Une France trop aidée ?

À en juger par l’actualité récente, et la déferlante de Bonnets-Rouges bretons, la France renoue cet hiver avec les ébullitions régulières qui l’agitent de temps en temps. Cette fois-ci, les mouvements de grogne ne prennent pas naissance dans le service public et ne sont pas alimentés par des syndicats orfèvres de l’immobilisme calculé, ce qui donne une dimension différente à ce qu’on observe : les politiciens semblent un peu perdus, tant dans la majorité que dans l’opposition, pour gérer ou tenter de récupérer ces mouvements.

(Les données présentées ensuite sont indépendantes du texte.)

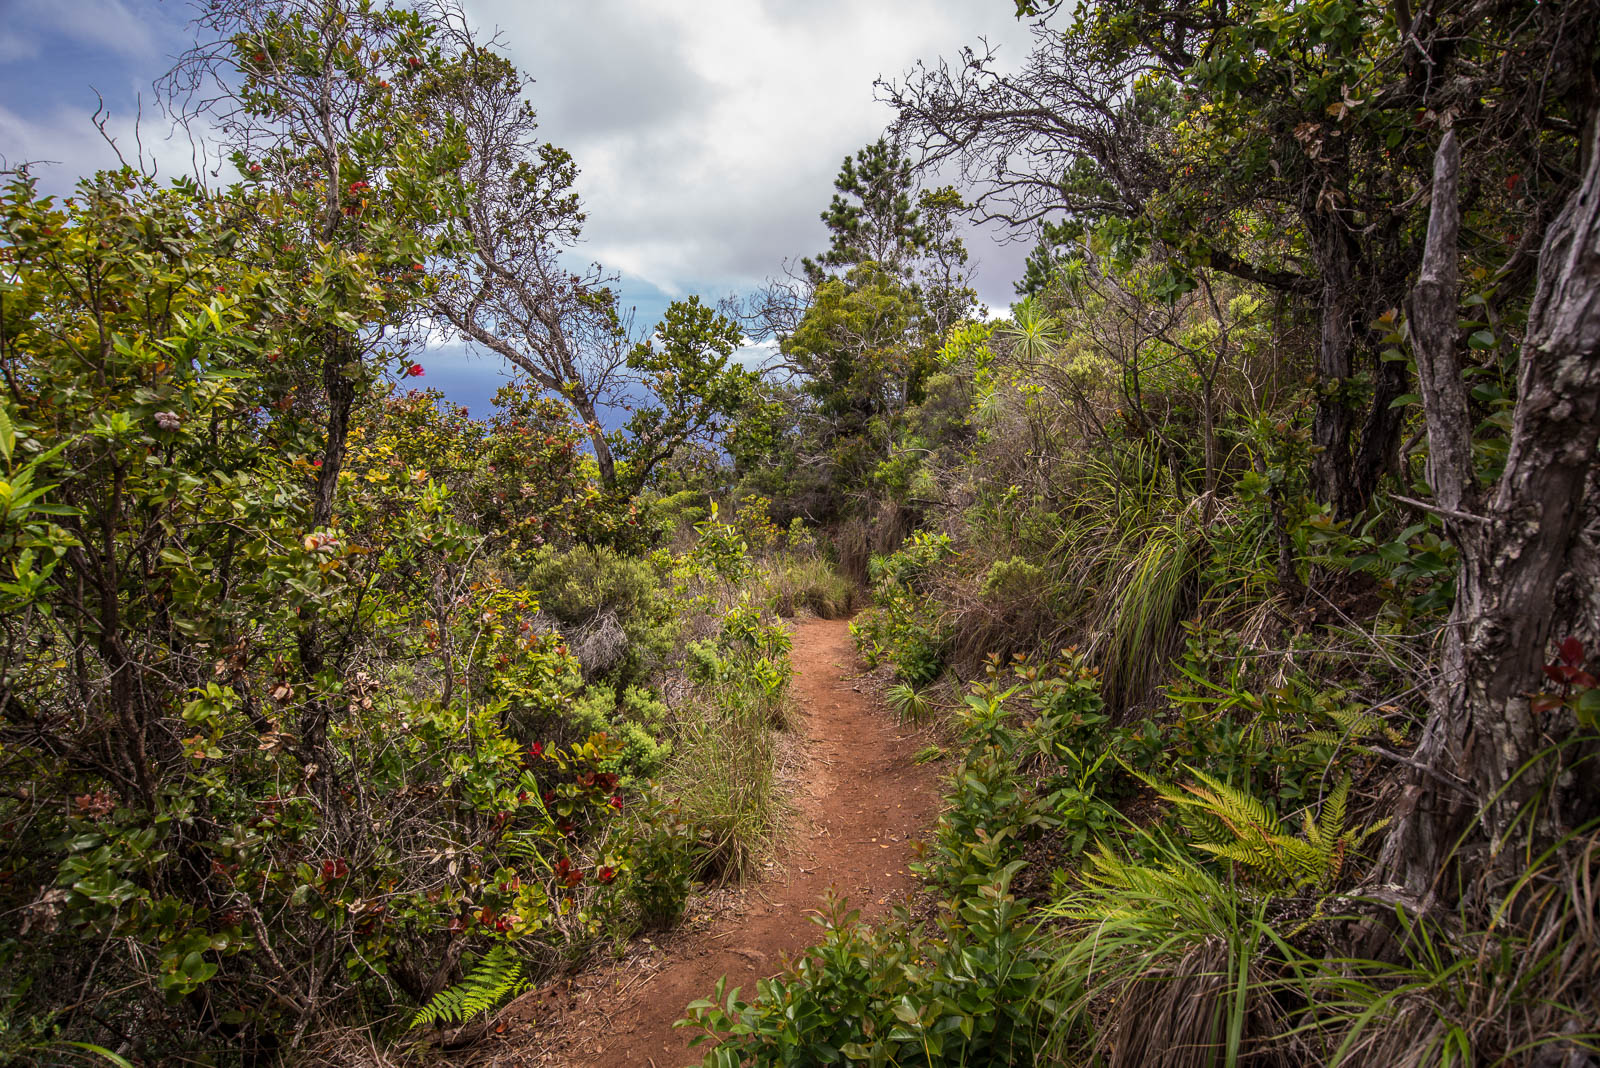 Nualolo shurbs and trees trail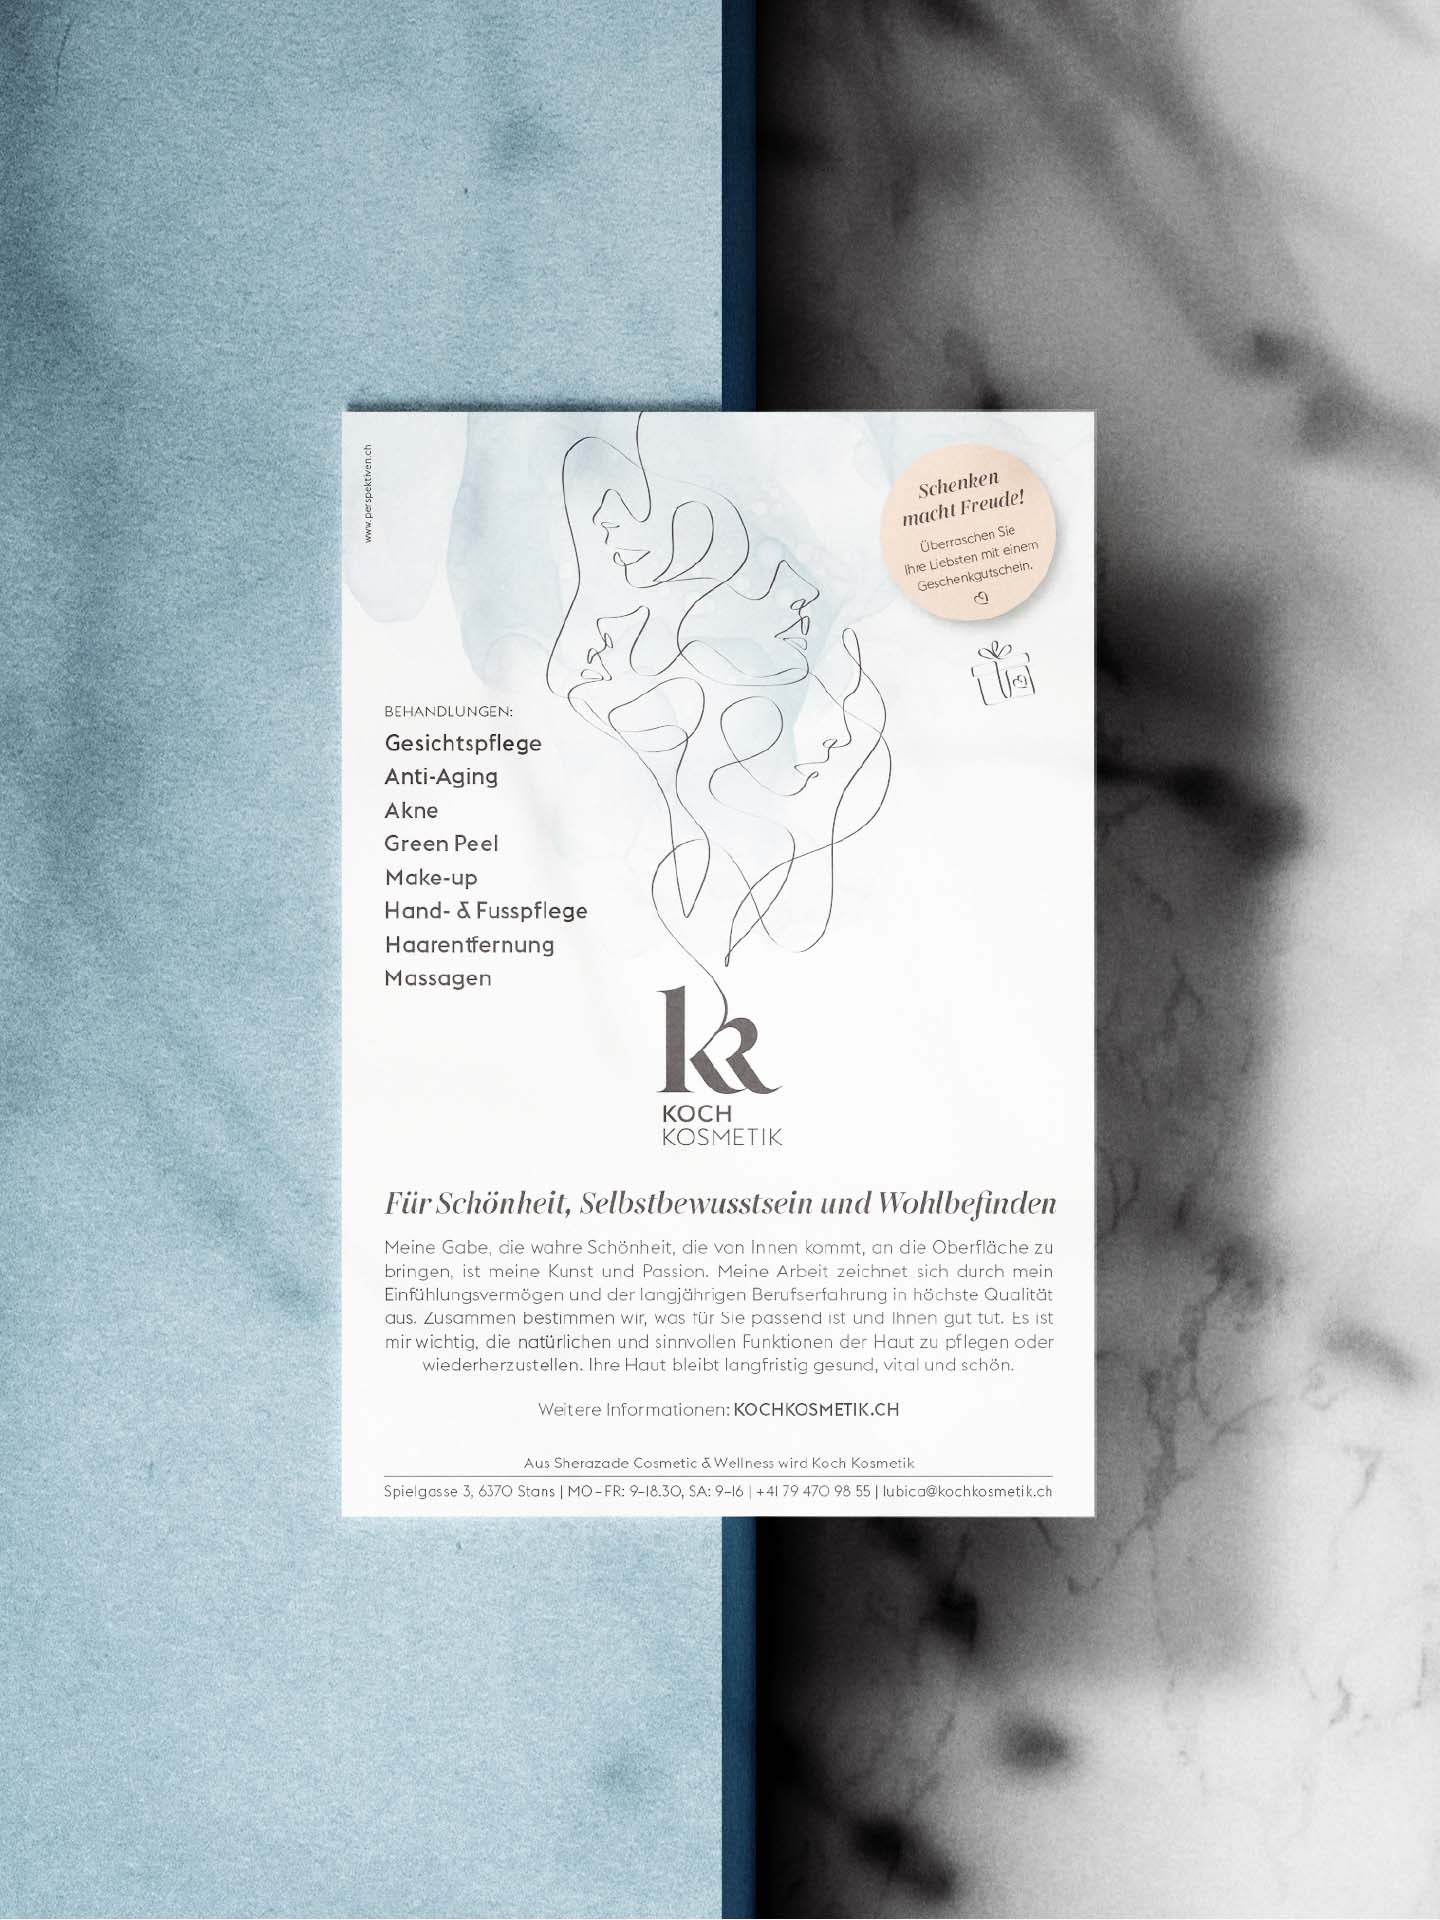 Flyer advert for Koch Kosmetik

Et les hésitations des uns et des autres devant ces protestations fiscales s’expliquent notamment par le rapprochement difficilement miscible de revendications contradictoires ; d’un côté, il semble évident que ces manifestations se basent sur un ras-le-bol fiscal que les dénégations des petits journaux de la gauche n’ont aucun succès à discréditer. Oui, à l’évidence, le peuple en a assez de se faire tondre, surtout qu’en face s’accumulent les résultats pathétiques voire catastrophiques, en plus de dettes gigantesques que rien, dans la situation actuelle, ne permet de justifier réellement. D’un autre côté, on ne peut s’empêcher de noter les revendications, moins audibles mais bien présentes, d’une continuité des subventions qui arrosent assez généreusement la Bretagne.

 

Si le message de grogne fiscale est parfaitement compréhensible, celui d’une conservation des subventions l’est nettement moins : pour redistribuer, il faut d’abord aller ponctionner, et dans ce cadre, cette grogne comme beaucoup d’autres montre qu’elle comprend au moins une part de revendications purement catégorielles et qui échappe au bon sens économique. Il semble logique d’accompagner la baisse de la pression fiscale, la baisse de la ponction, d’une baisse proportionnelle de la redistribution. Ce raisonnement, peu semblent prêt à le faire ou, tout du moins, à le revendiquer haut et fort.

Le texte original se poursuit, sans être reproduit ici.